AWS Best Practices
AWS Best Practices
Section titled “AWS Best Practices”AWS is our cloud provider, forming the foundation for all our infrastructure. A deep understanding of how to configure its services securely and efficiently is non-negotiable. This page outlines our core principles and standards for the key services you’ll be using.
IAM (Identity and Access Management)
Section titled “IAM (Identity and Access Management)”IAM controls who can do what in our AWS account. Mismanaging IAM is one of the easiest ways to create a major security vulnerability.
Our Core Principles:
- Principle of Least Privilege: Every user, role, and service should have only the minimum permissions required to perform its function. Never grant
*:*
permissions. - Use IAM Roles for Services: When an EC2 instance or a Lambda function needs to access another AWS service (like S3), we always use an IAM Role. This avoids the need to store long-lived access keys on the server.
- The Root User is Off-Limits: The account’s root user has unrestricted access. It should never be used for daily tasks. We use it only for specific account-level changes and it is protected by multi-factor authentication (MFA).
VPC (Virtual Private Cloud)
Section titled “VPC (Virtual Private Cloud)”The VPC is our private, isolated section of the AWS cloud where we launch our resources. Think of it as our virtual data center.
- Public vs. Private Subnets: We separate our resources into different subnets. Public subnets are for resources that must be accessible from the internet (like load balancers). Private subnets are for our application servers and databases, which should never be directly exposed.
- Security Groups: These act as a stateful firewall for our EC2 instances. We configure them to only allow expected traffic. For example, an application server’s security group might only allow traffic from the load balancer on port 8080.
- NACLs (Network Access Control Lists): These are stateless firewalls that operate at the subnet level, providing an additional layer of defense. We use them for broad rules, like blocking all inbound traffic from known malicious IP ranges.
EC2 & S3
Section titled “EC2 & S3”These are two of the most common services you’ll interact with.
EC2 (Elastic Compute Cloud)
- Use Approved AMIs: We maintain a list of approved Amazon Machine Images (AMIs) that are hardened and patched. Always launch instances from these AMIs.
- Leverage User Data: For initial configuration or bootstrapping, use the “user data” script field when launching an instance. This is how we often pass initial commands or trigger Ansible playbooks.
S3 (Simple Storage Service)
- Block Public Access by Default: All our S3 buckets are configured to block all public access at the account level. This is our primary defense against accidental data exposure.
- Use Bucket Policies: We use specific S3 bucket policies to grant granular access to IAM roles or other services, rather than making the bucket’s contents public.
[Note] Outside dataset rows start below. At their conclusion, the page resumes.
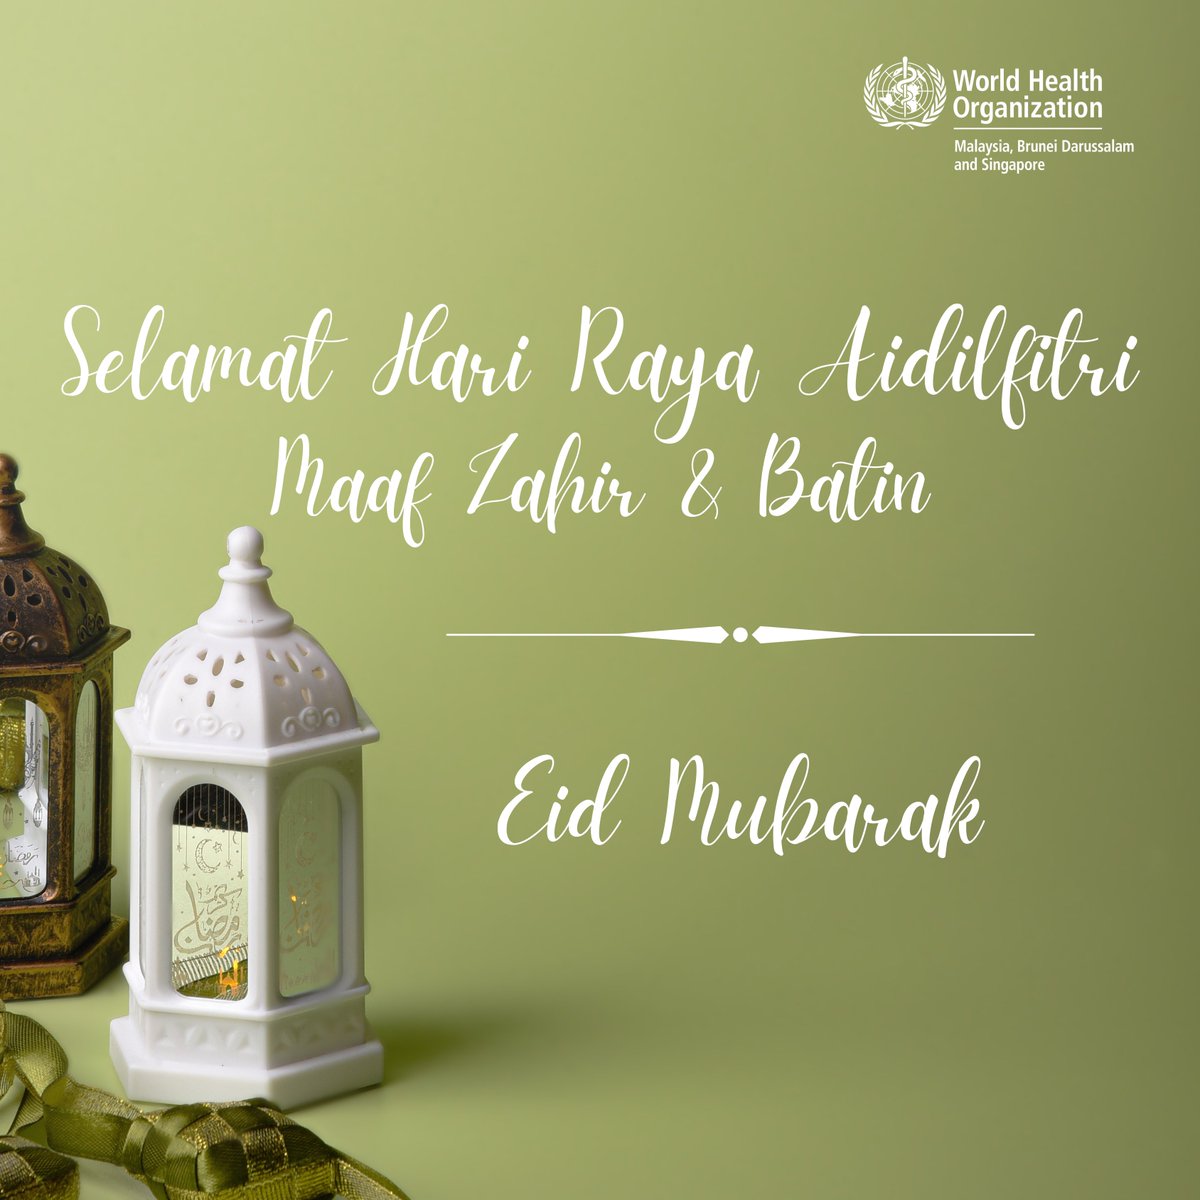 WHO Malaysia, Brunei Darussalam and Singapore mengucapkan kepada semua yang menyambut, Selamat Hari Raya Aidilfitri, Maaf Zahir & Batin! 💫 Semoga perayaan ini membawa kegembiraan, kebahagiaan dan kesihatan yang baik kepada anda dan orang tersayang.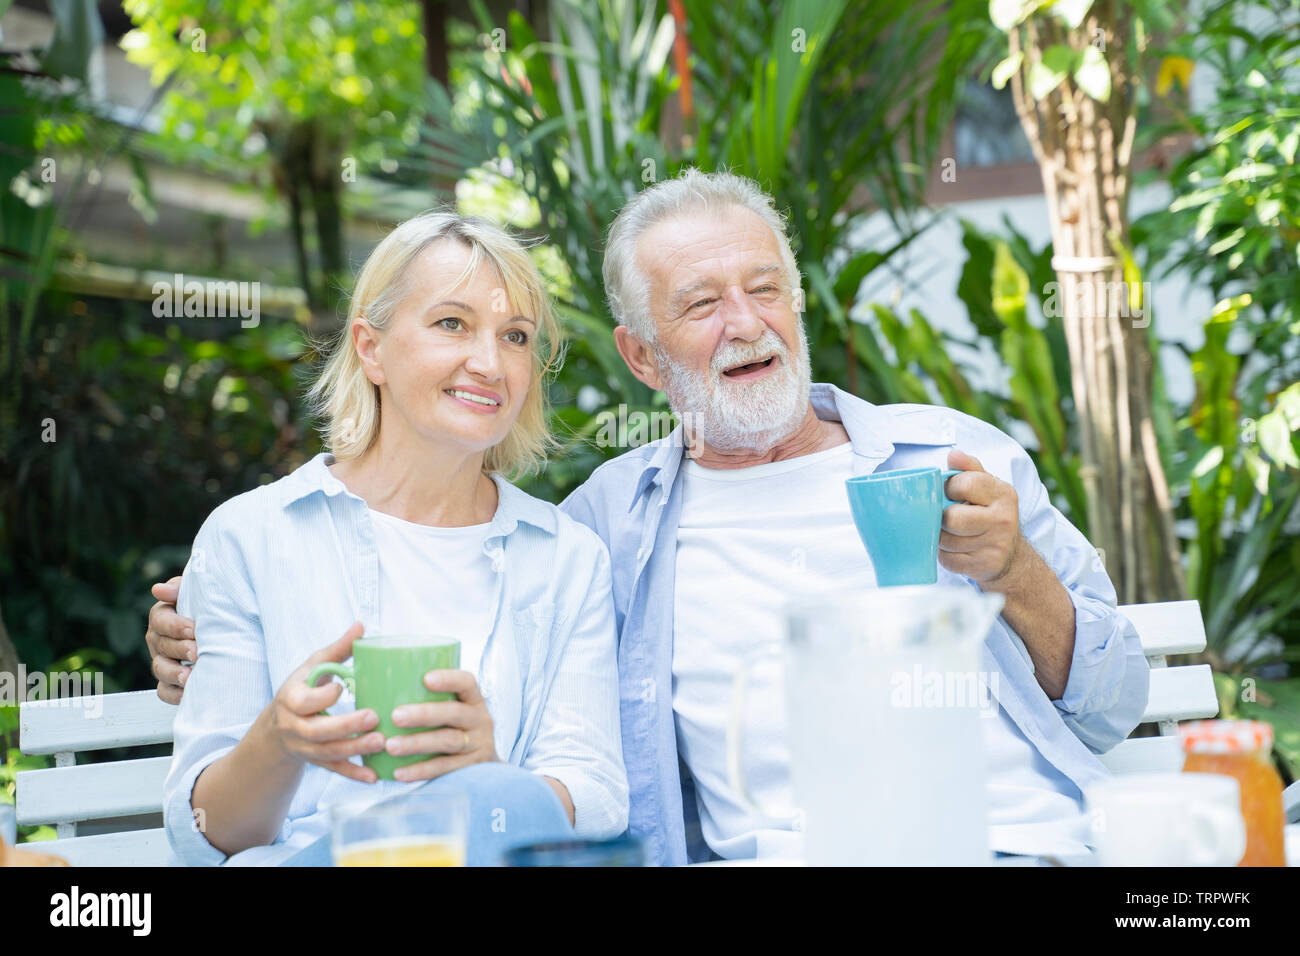 Glückliche Momente. Freudige schön Rentenalter paar Kaffee und Lachen, während ihre Zeit zusammen genießen - Bild Stockfoto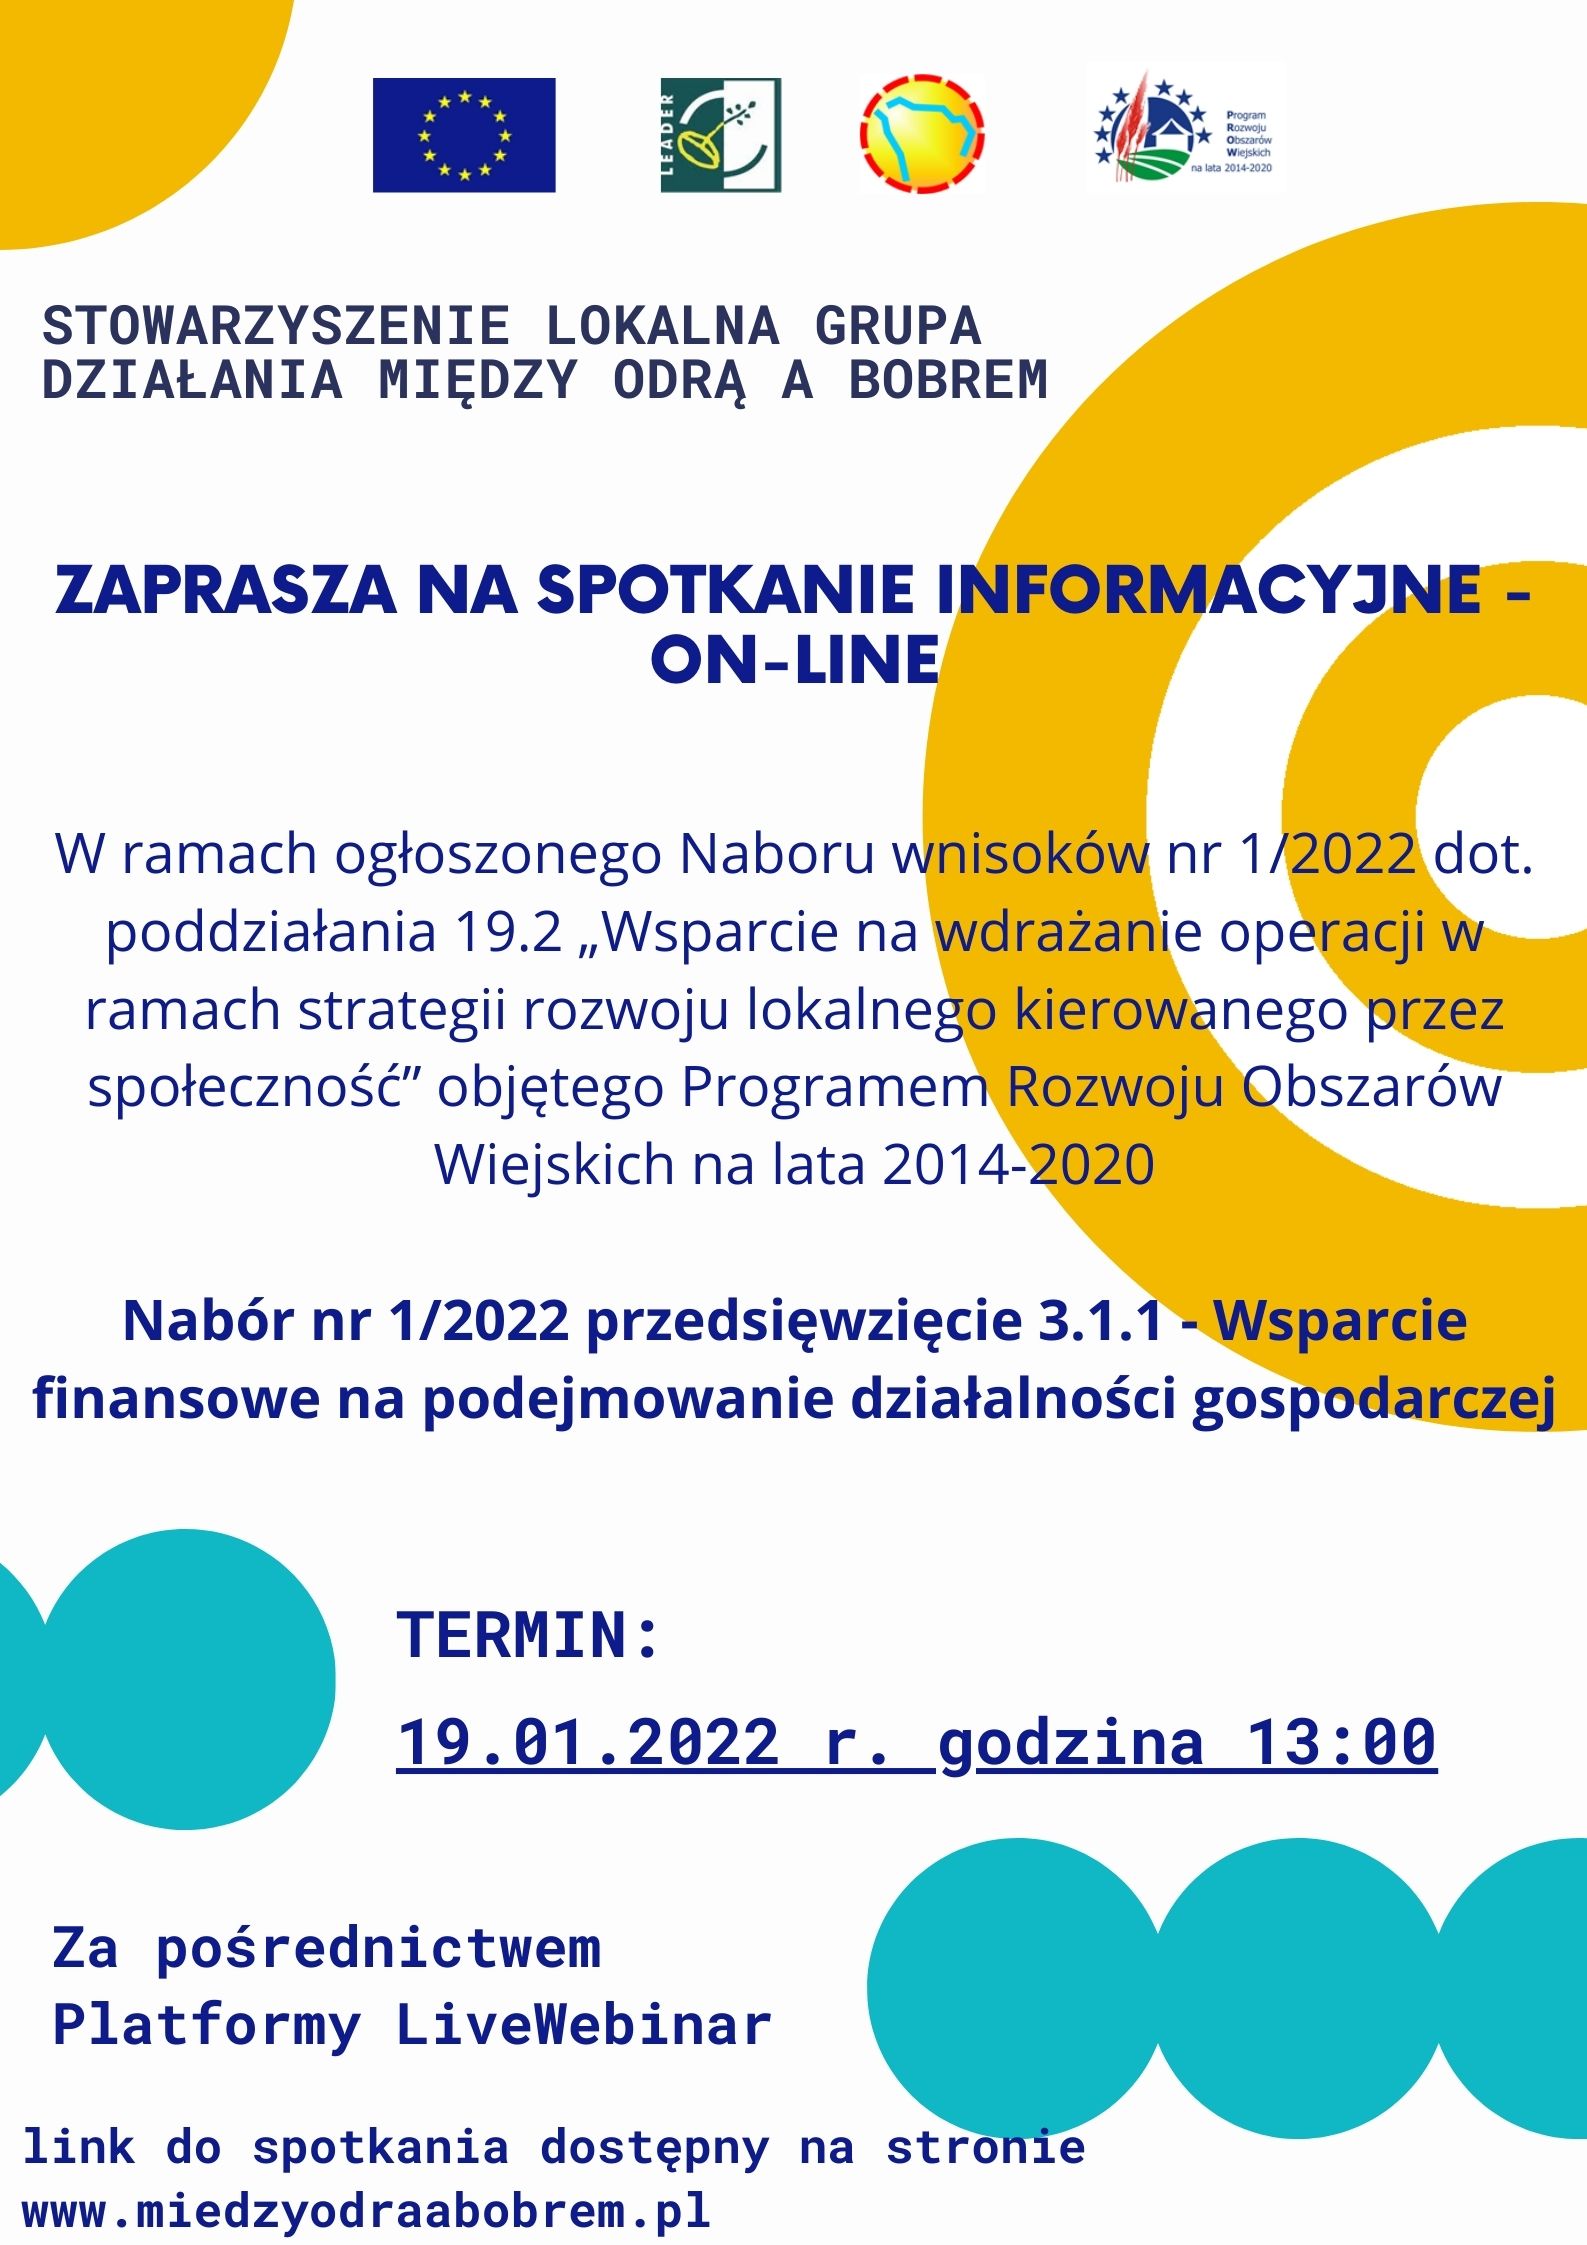 Stowarzyszenie LGD Między Odrą a Bobrem informuje, że dnia 19 stycznia 2022 r. o godz. 13:00 odbędzie się w trybie on-line SPOTKANIE INFORMACYJNE dla osób planujących złożyć wniosek w odpowiedzi na nabór nr 1/2022 dot. przeds. 3.1.1 Wsparcie finansowe na podejmowanie działalności gospodarczej.

- Enable Encryption: All data stored in our S3 buckets must be encrypted at rest, a simple checkbox setting (
SSE-S3
) that we enforce.
A Note on FinOps (Cloud Cost Management)
Section titled “A Note on FinOps (Cloud Cost Management)”Building securely and efficiently also means building cost-effectively. FinOps (Cloud Financial Operations) is about bringing financial accountability to our cloud spending. Every engineer is responsible for the cost of the resources they provision.
- Tag Everything: We use cost allocation tags on all our AWS resources. This is mandatory. Common tags include
project
,environment
, andowner
. This allows us to track exactly where our money is going. - Choose the Right Size: Don’t overprovision. Choose an EC2 instance size that matches the workload’s needs. It’s easier to scale up later than to pay for an oversized instance that sits idle.